Your instructions:
Without the pictures, retype each line below exactly as it stands.

Dataset extract:
↓
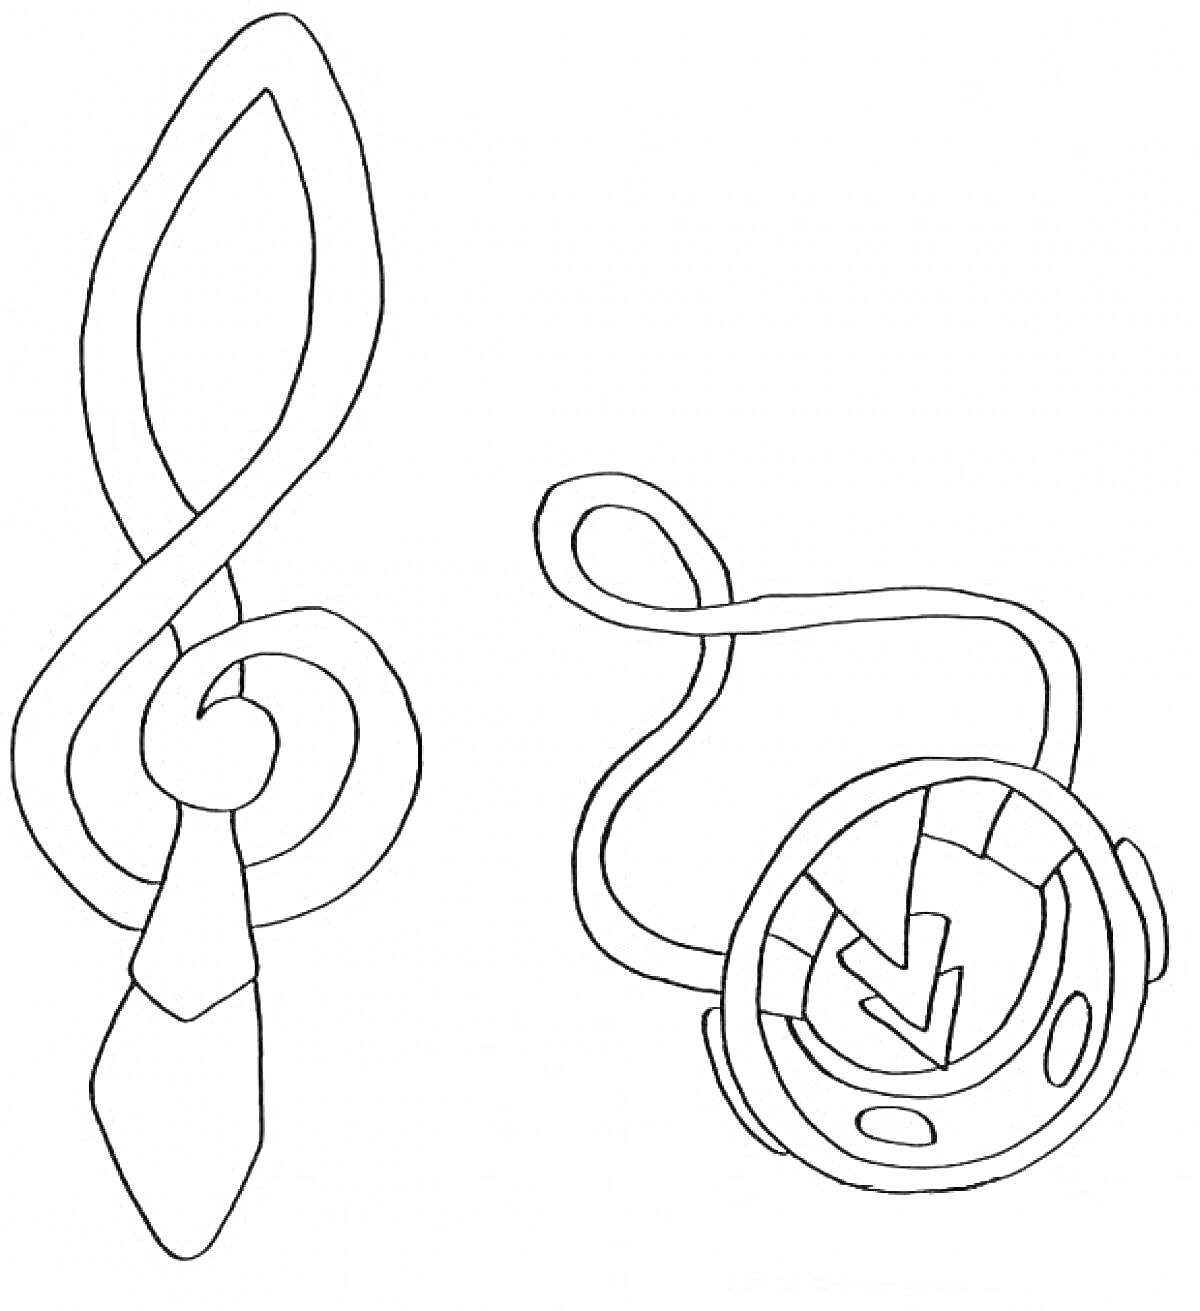 Раскраска Волшебные артефакты Винкс в форме символов и знаков
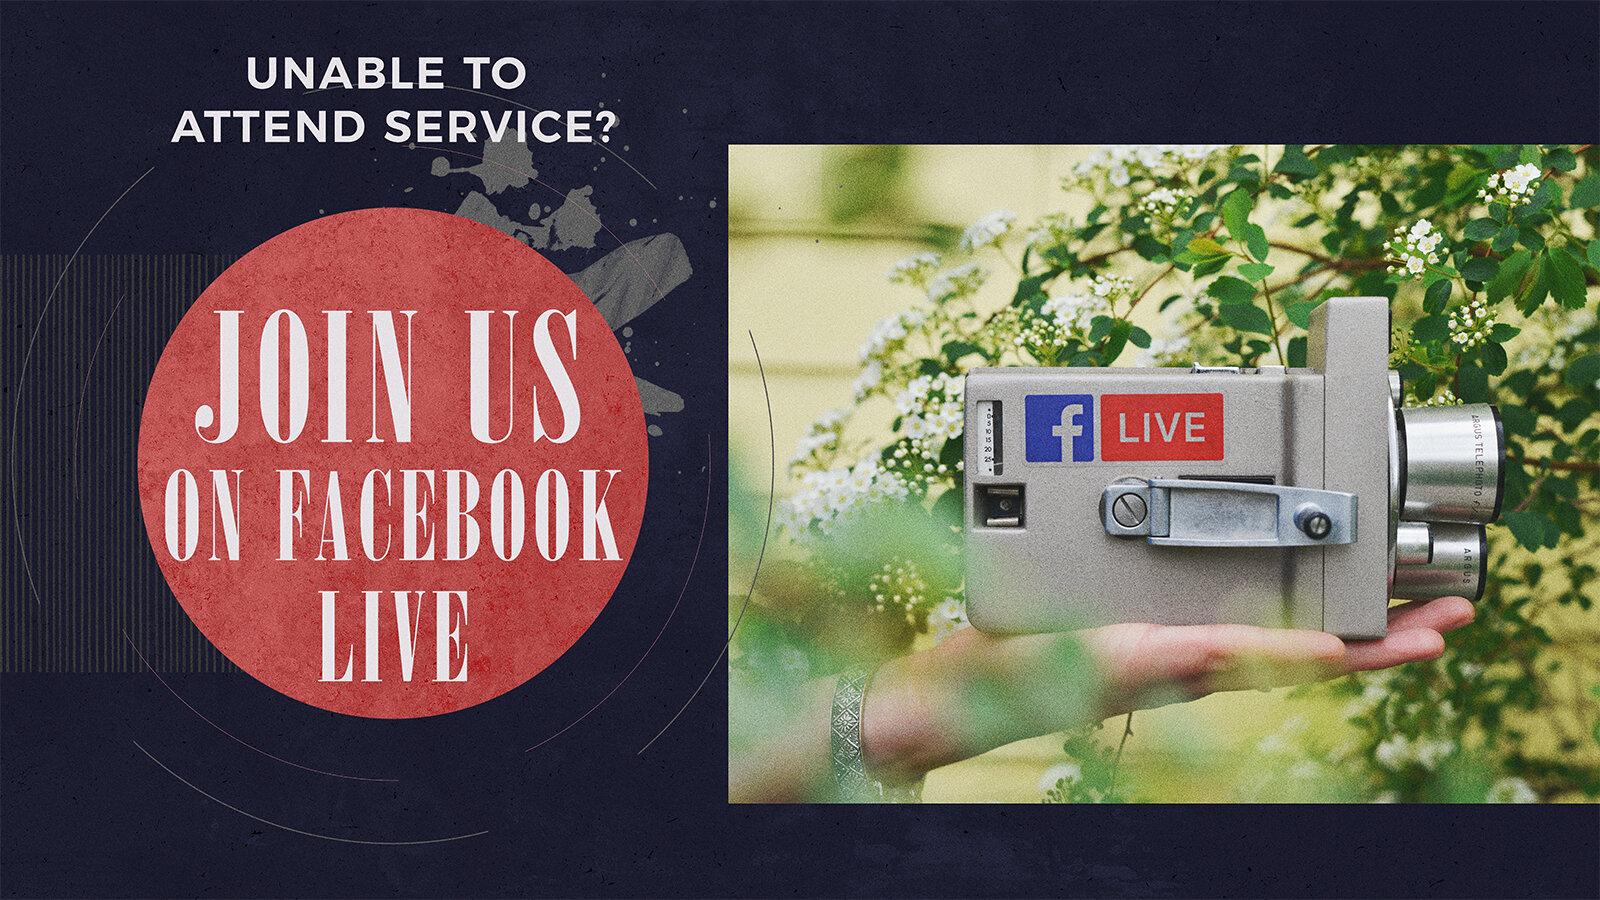 Facebook live church service
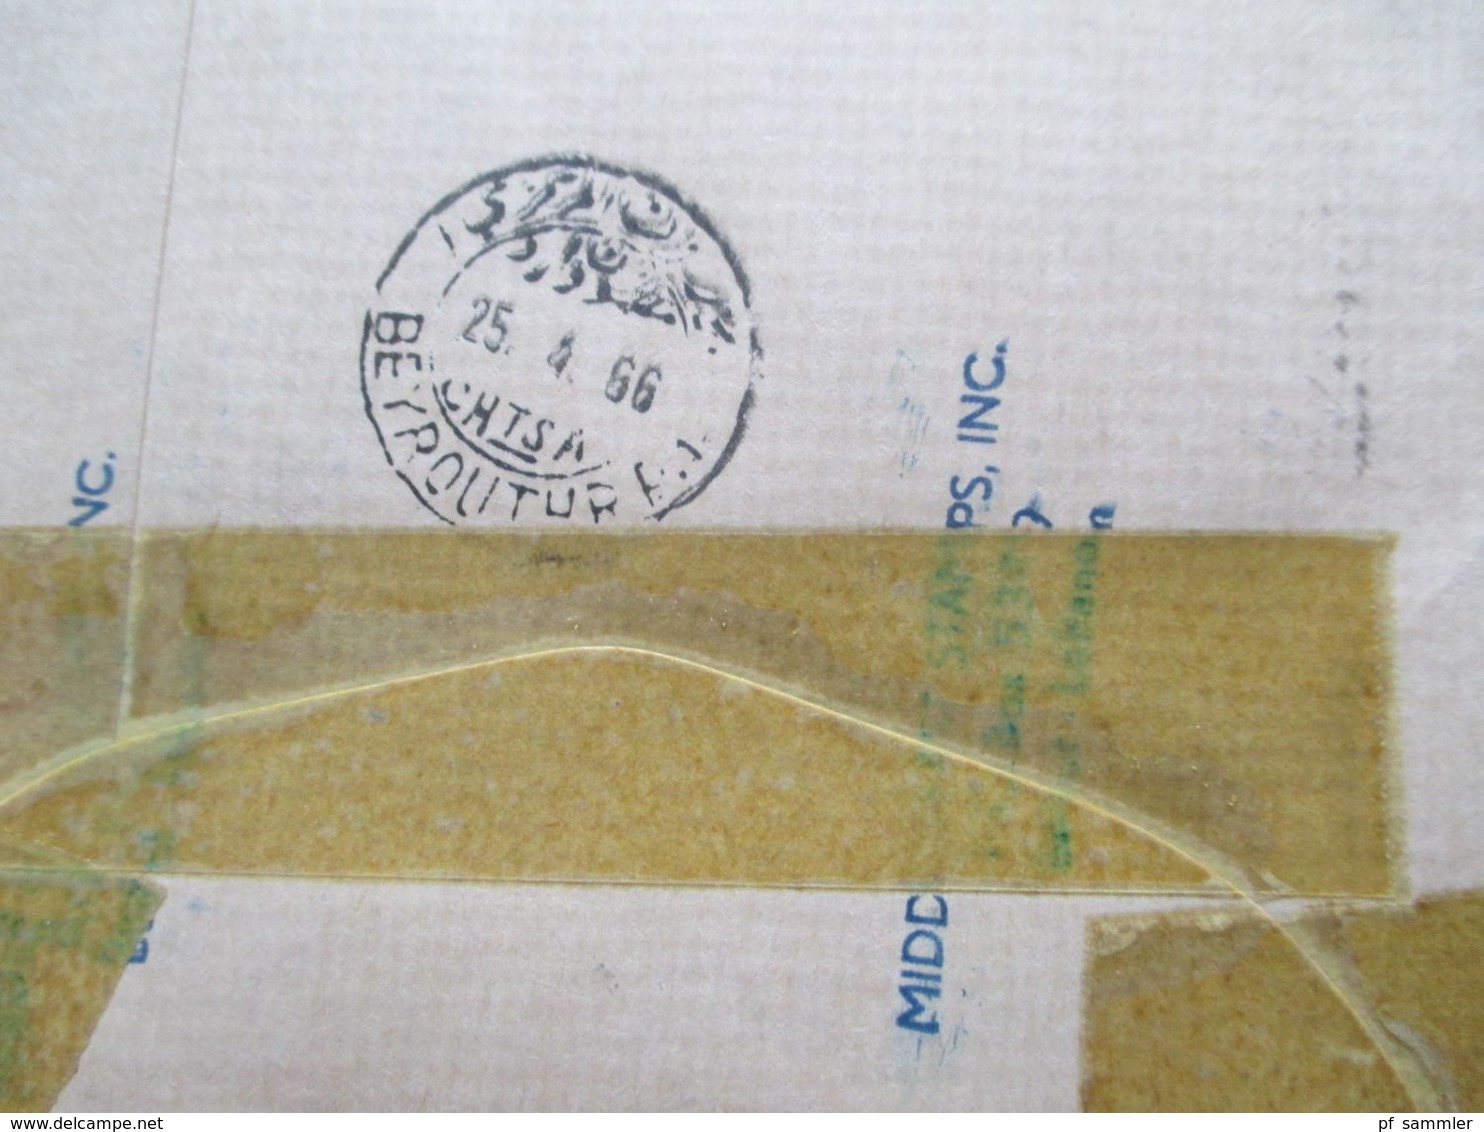 Libanon 1966 Einschreiben Air Mail / Luftpost Roter Stempel L2 Nicht Gestellungspflichtig! Liban - Líbano
↑
Answer space:
 Раскраска Волшебные артефакты Винкс в форме символов и знаков
 Facebook live church service
 Libanon 1966 Einschreiben Air Mail / Luftpost Roter Stempel L2 Nicht Gestellungspflichtig! Liban - Líbano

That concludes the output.